**TASK DETAILS:** Having located "Trust Me I'm" in the listing below, write out its line and every following line exactly, last line included, without the pictures.

[DATA BLOCK Boundary: Start]

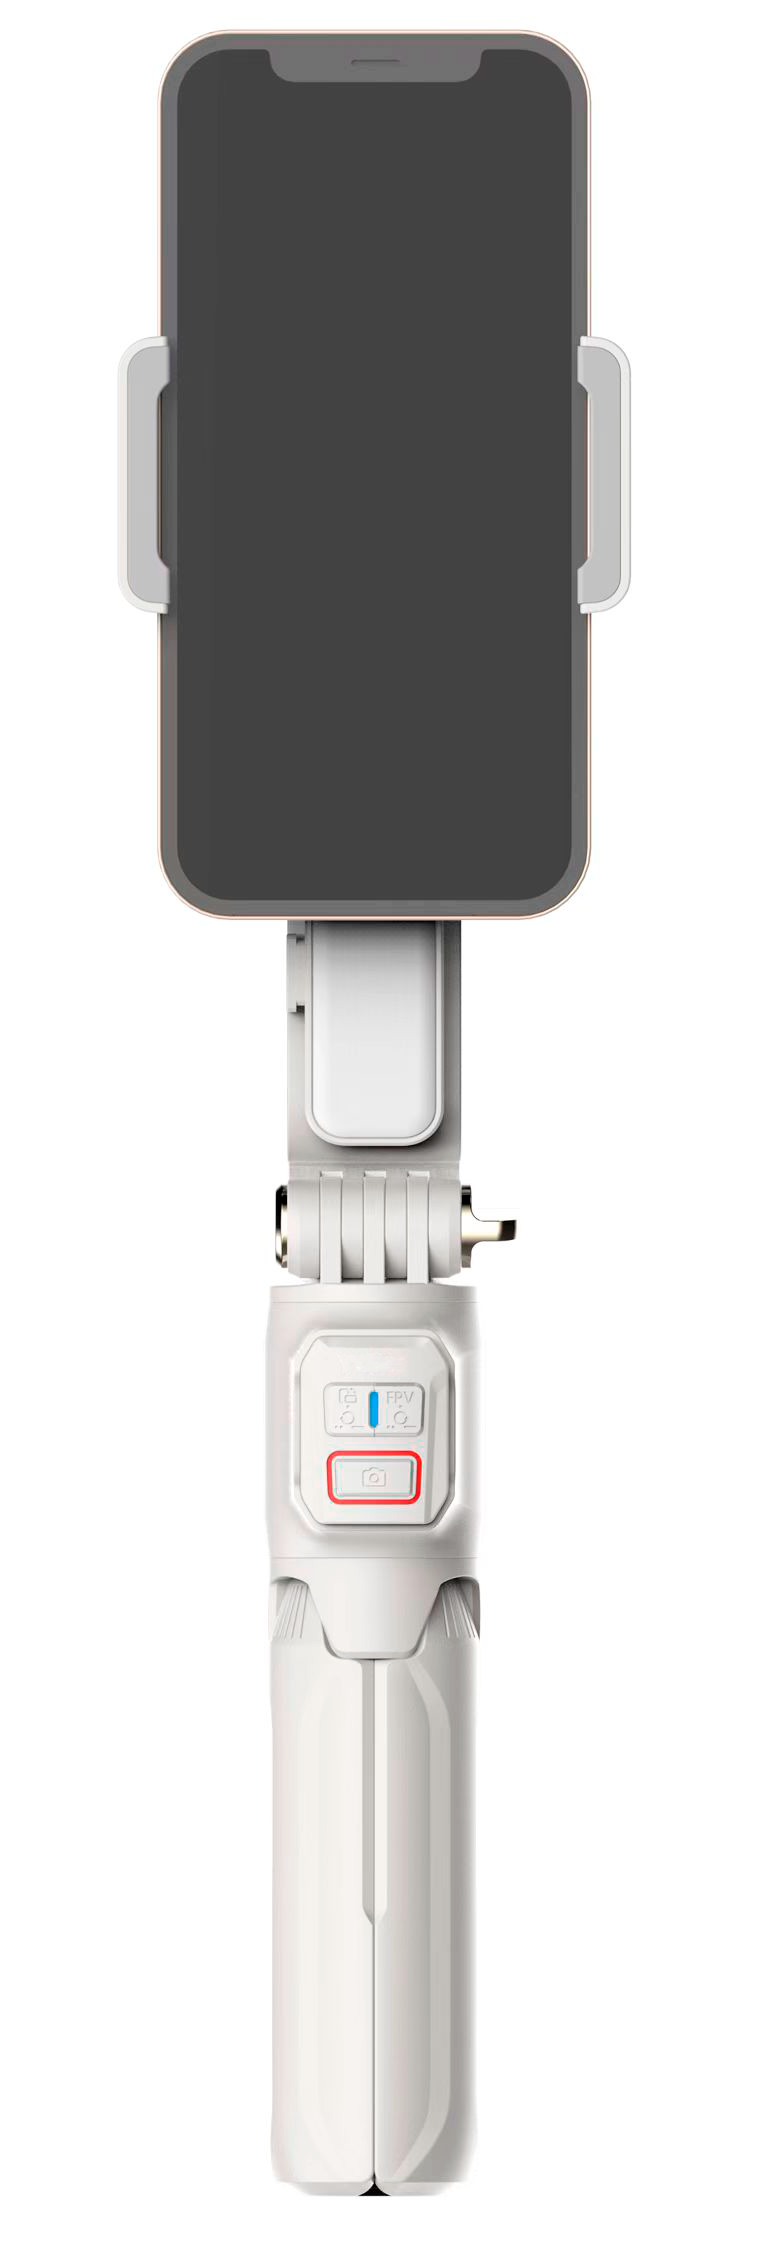 Стабилизатор для смартфона GimbalPro A10 White стабилизатор gimbalpro g8 white
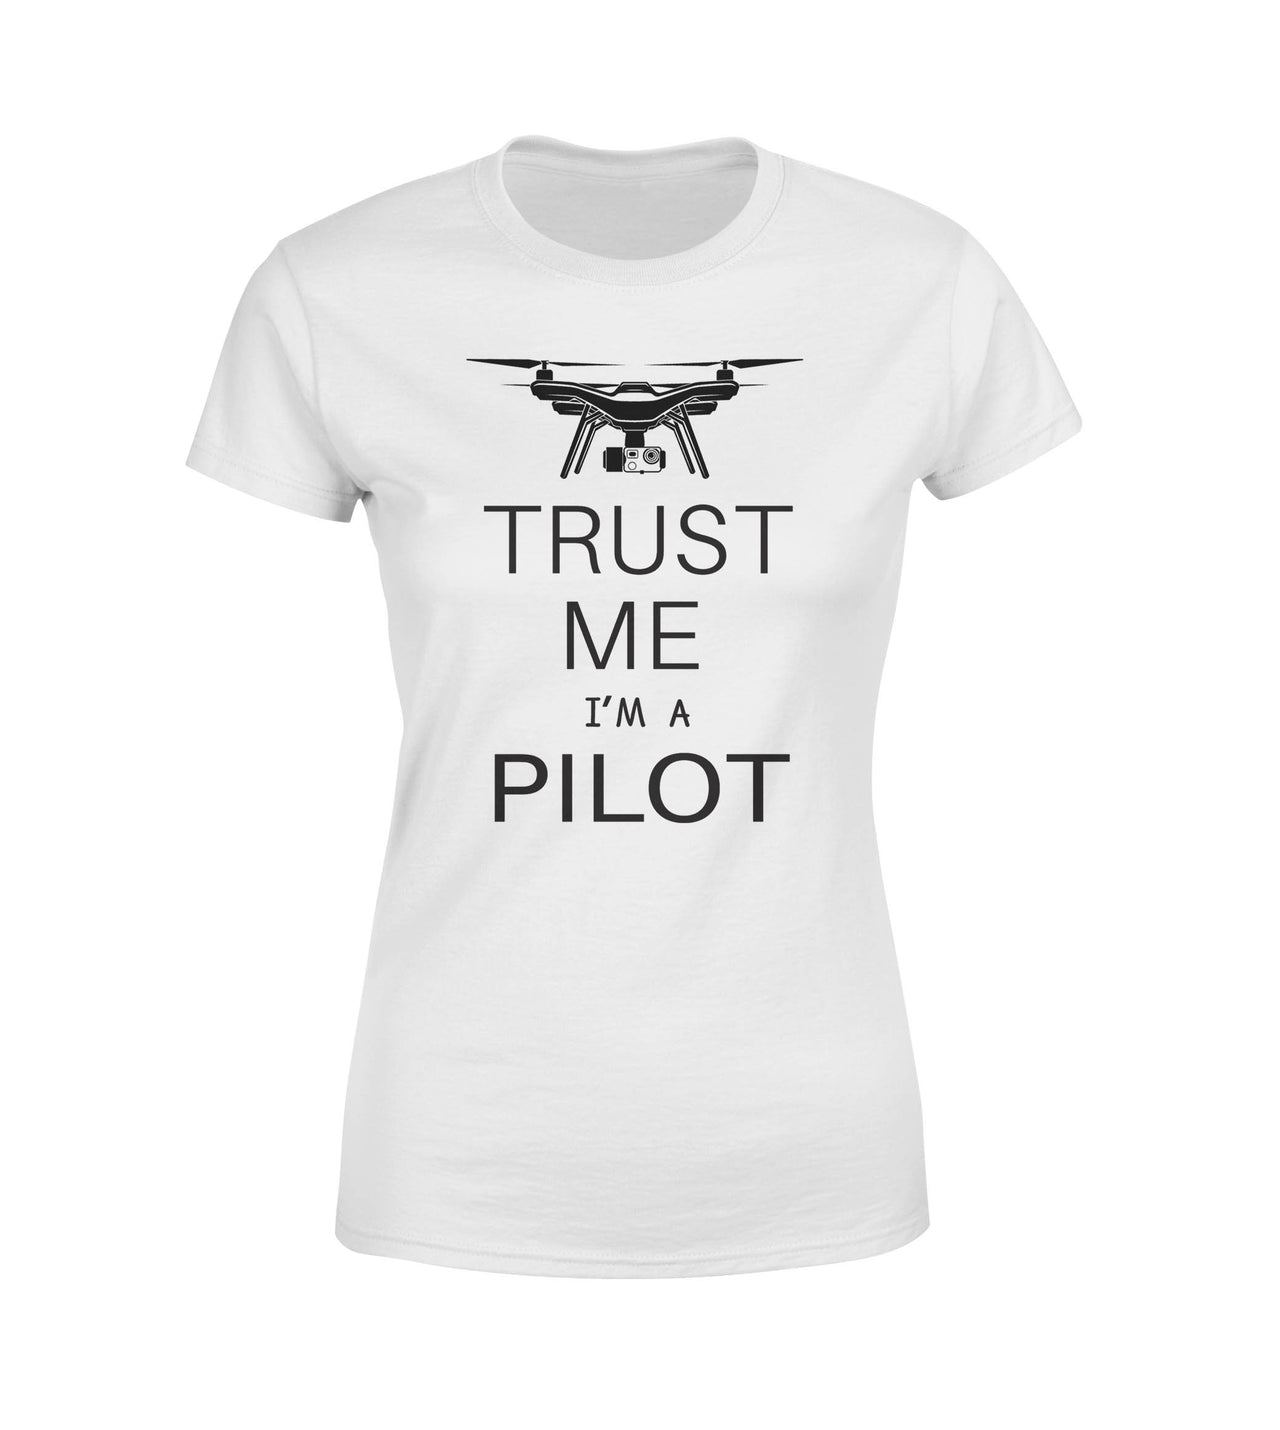 Trust Me I'm a Pilot (Drone) Designed Women T-Shirts
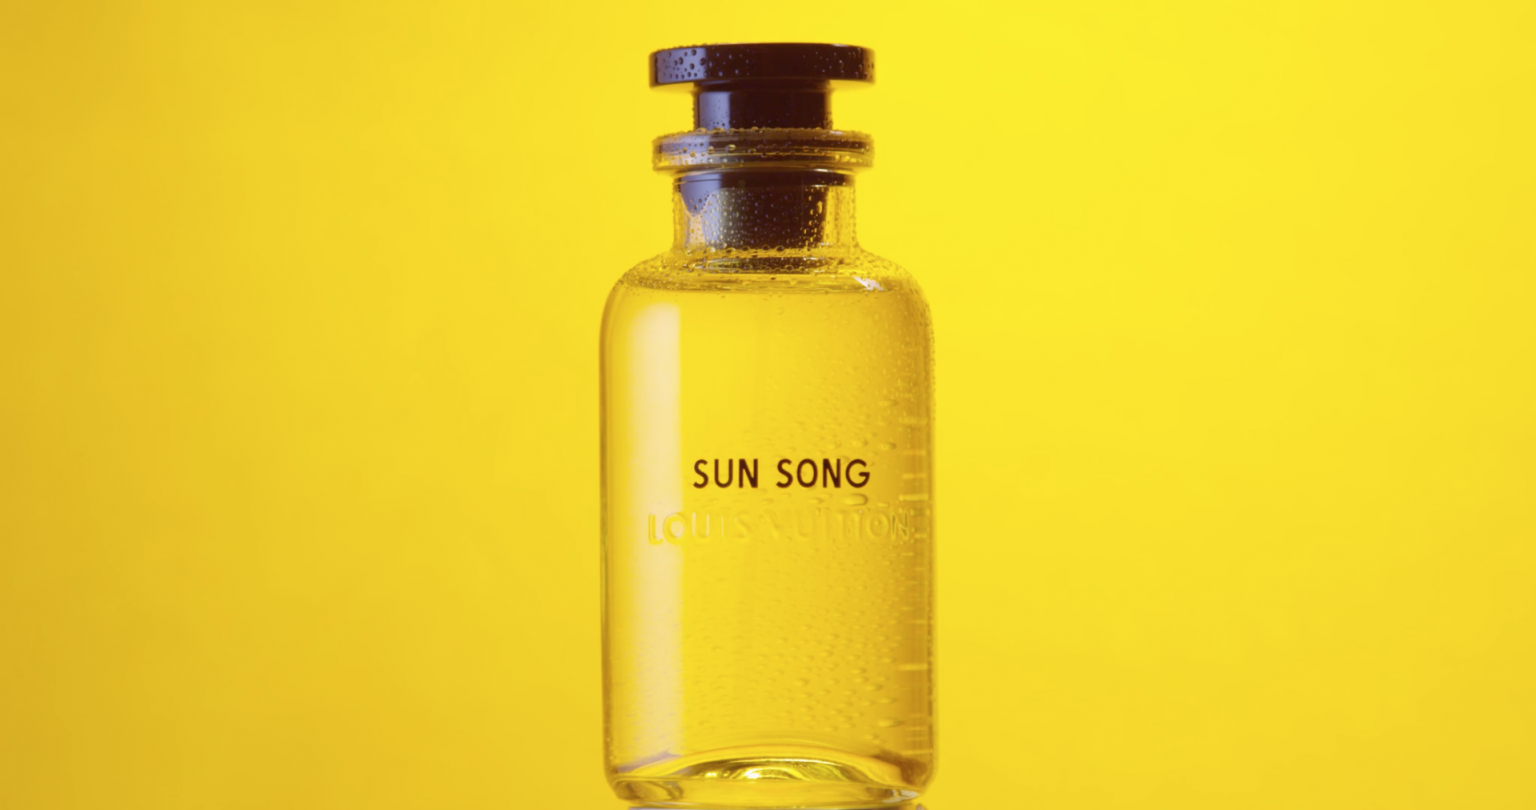 LOUIS VUITTON SUN SONG – Rich and Luxe

[DATA BLOCK Boundary: End]

**THE COMPLETED TASK:**
 Trust Me I'm a Pilot (Drone) Designed Women T-Shirts
 LOUIS VUITTON SUN SONG – Rich and Luxe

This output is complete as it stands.